I love this picture of Lauren and her friends.  A lady adopting the girl in the middle became a sweet friend who would send me pictures of Lauren before we were allowed to travel and visit.  
Once Mason was stable enough for us to feel comfortable leaving him with family (AKA:Camp Grandma) we traveled to Guatemala to meet Esmerita Esperanza.  I was so nervous.  Did she want to leave the only life she knew?  Was I the new mom she had pictured in her mind and prayed for? The social worker told me that when she had received a care package I had sent she was so happy to see pictures of her brothers, her biological brothers.  She told the social worker that she knew there was a reason why the other referrals fell through.  She knew God had something special for her.  She knew it was a gift to be placed with her biological brothers.  We met her for the very first time in the lobby of the hotel.  She was shy but sweet and smiled and giggled.  She immediately adored Big Dog and warmed up to him within minutes.  We spent three nights there getting to know her.  The language barrier made it hard.  She had lived a life that was completely unknown to us. I planned a birthday celebration for her at the hotel with her friends and foster family.  All I wanted to do was fast forward to bringing her home but it would be several more months.  

Happy 9th Birthday!
During that first visit we asked her if she wanted a new name because she was so curious about her brother's new names.  We brought up five different names and without hesitation she chose the name, Lauren.  Lauren Esperanza.  Before leaving her we stood outside and looked at the stars.  She cried.  She didn't believe we would be back.  I told her in my best broken Spanish that each night we could look at the moon knowing that the other was looking at the same moon.  It seemed so unfair to have just met her and let her go not knowing when we would see her again or how long it would be before we could bring her home.  
Parker came along on our second visit.  It was truly as if they had never been a part.
Lauren and Big Dog on our was to the USA!
The closer we got to bringing her home the more complex and difficult the process became.  Adoption was shutting down in Guatemala.  Couples were losing their referrals, and their promised babies.  We were far enough along in the process that we stood firm and fought to bring her home.  We finally got the call.

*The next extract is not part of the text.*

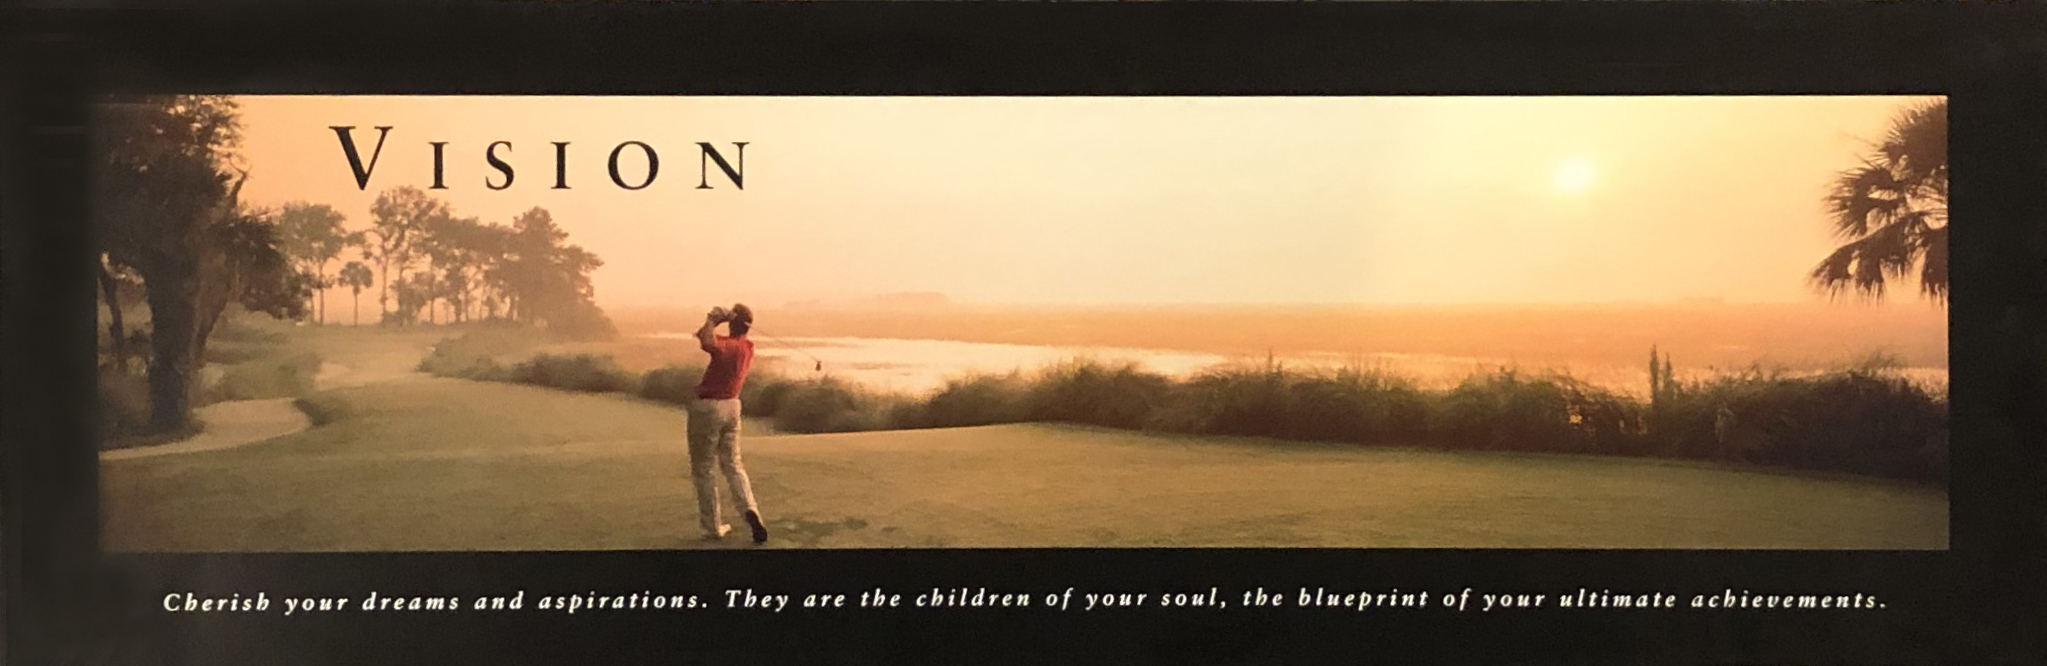 Vision - Golf
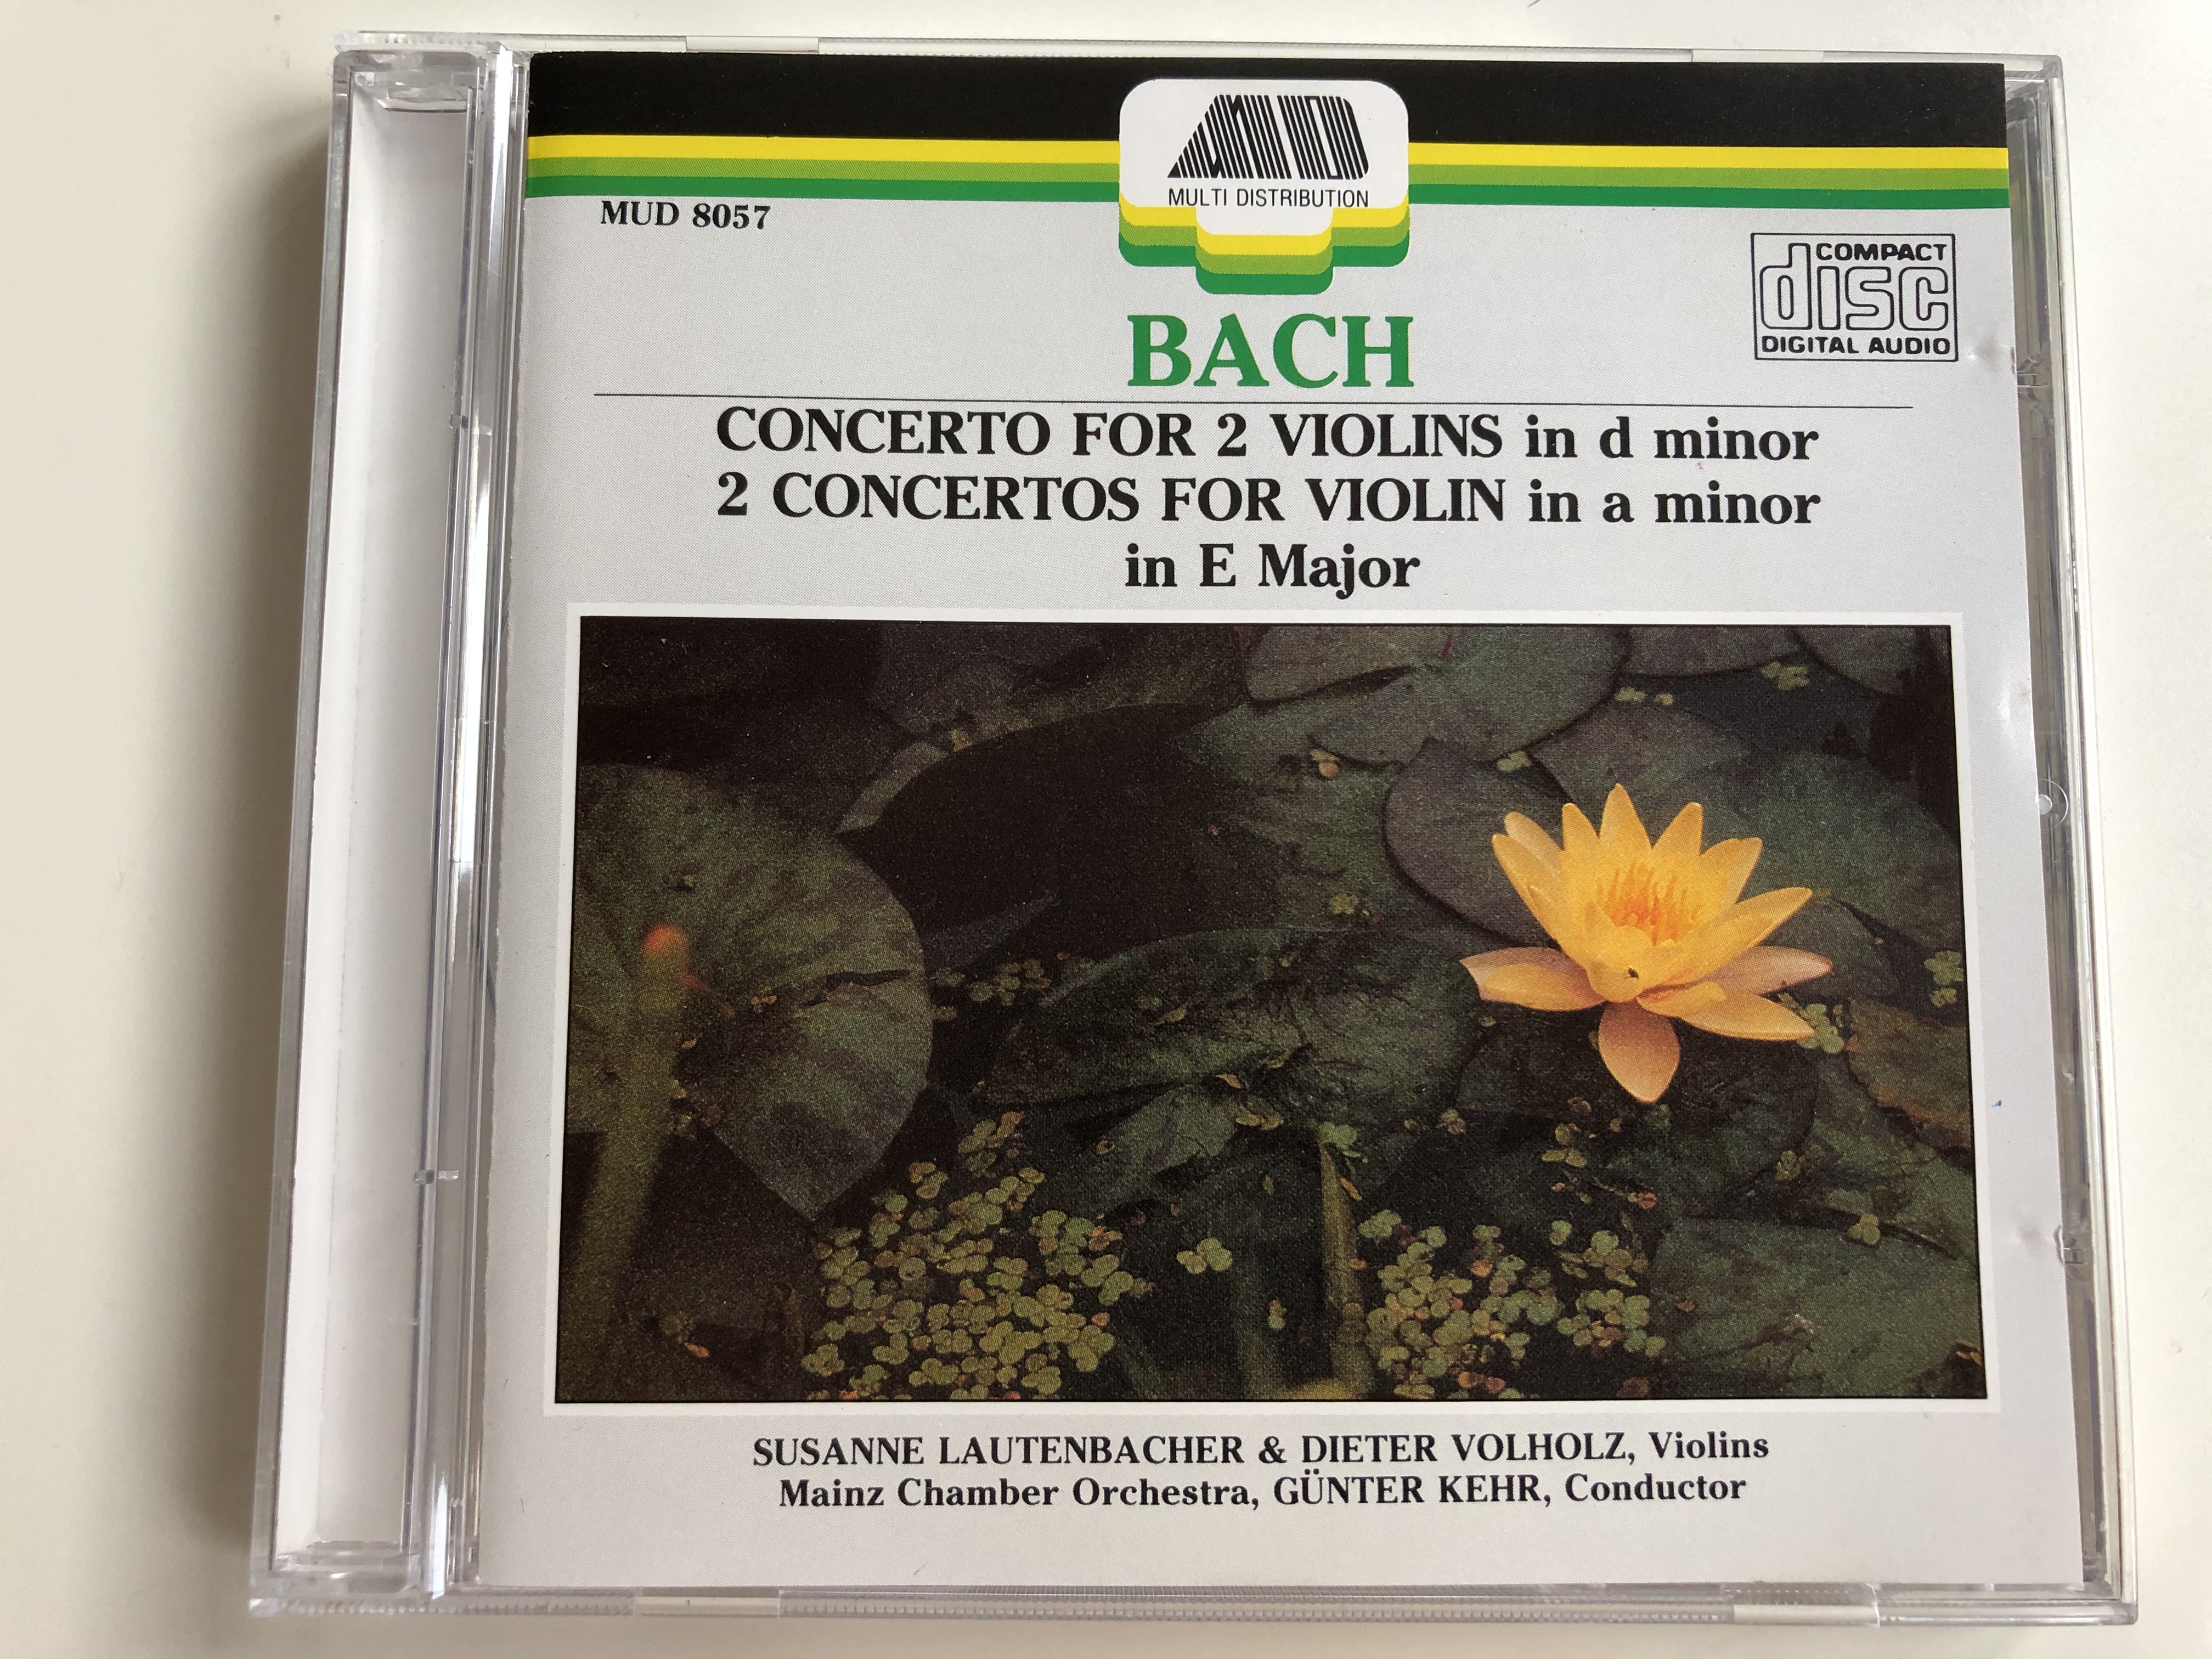 bach-concerto-for-2-violins-in-d-minor-2-concertos-for-violin-in-a-minor-in-e-major-violins-susanne-lautenbacher-dieter-volholz-conductor-gunter-kehr-mainz-chamber-ochestra-multi-distribut-1-.jpg

We flew to Guatemala ready to bring her home this time.  Five days later adoption shut down for good.  We made it through.  We brought her home.  Just in time for Christmas.

Feliz Navidad!
Lauren was reunited with her two biological brothers and brought to a home full of aunts and uncles, cousins, grandparents and family friends.  We were all adjusting and transitioning together.  Discovering our roles and where we fit was hard and emotional.  Everyone had been through so much.   Our lives had been so different but we each had a longing and that December it all came together.  We were together.  I was challenged by trying to mold what our family was made of into what I had always dreamed of.  Some pieces didn't fit.  Hearts had been hurt, spirits broken, and exhausting emotions had us all worn out.  But we kept on.  We forged ahead.  Auto-pilot kicked in.  It was all any of us knew to do.  Each one of us would continue to struggle yet be eternally thankful at the same time.  Our journey as a family had already had so many ups and downs.  When would the waters smooth, when could we relax and just be?  This family, my family, was still to grow.  More change was in the future. Heartache mixed with surprises and blessings waited to be discovered.  


A family on vacation for the first time ever!
Their unbreakable bond.  Lauren still clearly remembers caring for Parker as an infant and toddler.